Panmure Gordon is authorised and regulated by the Financial Conduct Authority in the United Kingdom and is acting exclusively for the Company and no one else in connection with the Placing, and Panmure Gordon will not be responsible to anyone (including any Placees) other than the Company for providing the protections afforded to its clients or for providing advice in relation to the Placing or any other matters referred to in this announcement.
No representation or warranty, express or implied, is or will be made as to, or in relation to, and no responsibility or liability is or will be accepted by the Bookrunner or by any of its affiliates or agents as to, or in relation to, the accuracy or completeness of this announcement or any other written or oral information made available to or publicly available to any interested party or its advisers, and any liability therefor is expressly disclaimed.
No statement in this announcement is intended to be a profit forecast or estimate, and no statement in this announcement should be interpreted to mean that earnings per share of the Company for the current or future financial years would necessarily match or exceed the historical published earnings per share of the Company.
The price of shares and any income expected from them may go down as well as up and investors may not get back the full amount invested upon disposal of the shares.

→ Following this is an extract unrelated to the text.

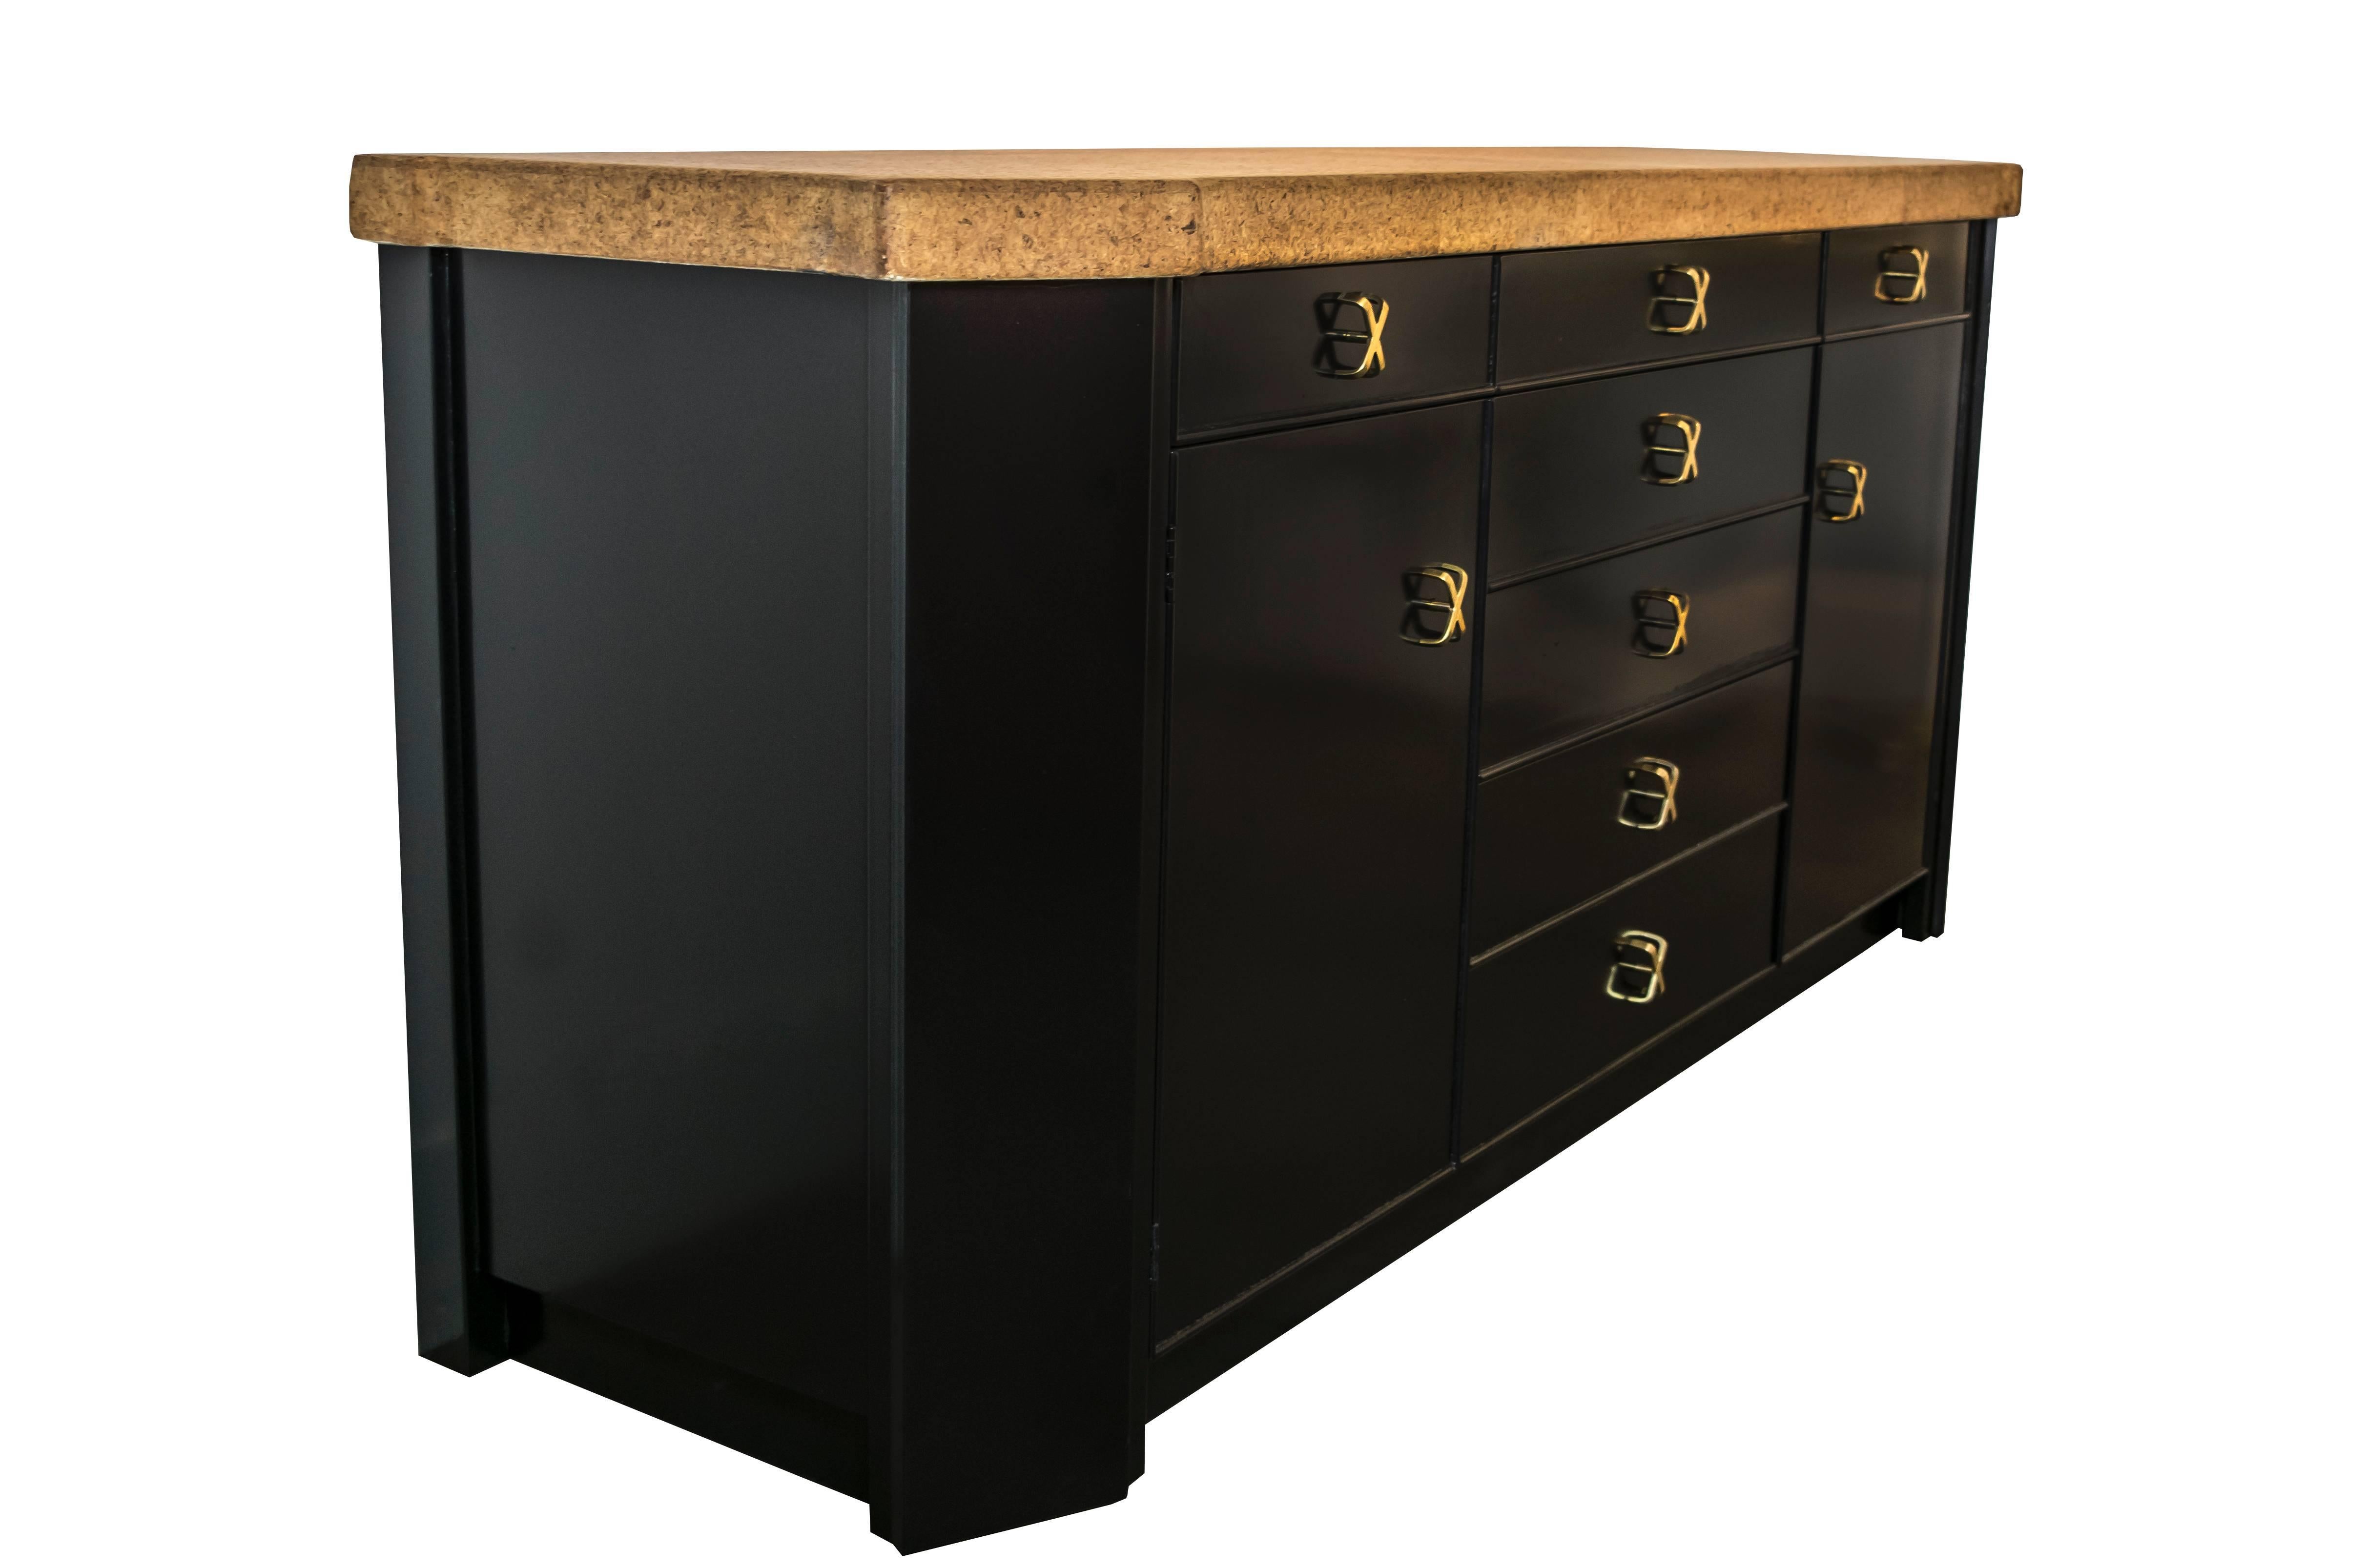 Highly stylized credenza or cabinet designed by Paul Frankl. This cabinet exemplifies Frankl's fine Mid-Century design detailing elegant hardware combining materials such as cork and mahogany with brass accents.

Past performance is no guide to future performance, and persons needing advice should consult an independent financial adviser.
The Placing Shares to be issued pursuant to the Placing will not be admitted to trading on any stock exchange other than the London Stock Exchange.
Neither the content of the Company's website nor any website accessible by hyperlinks on the Company's website is incorporated in, or forms part of, this announcement.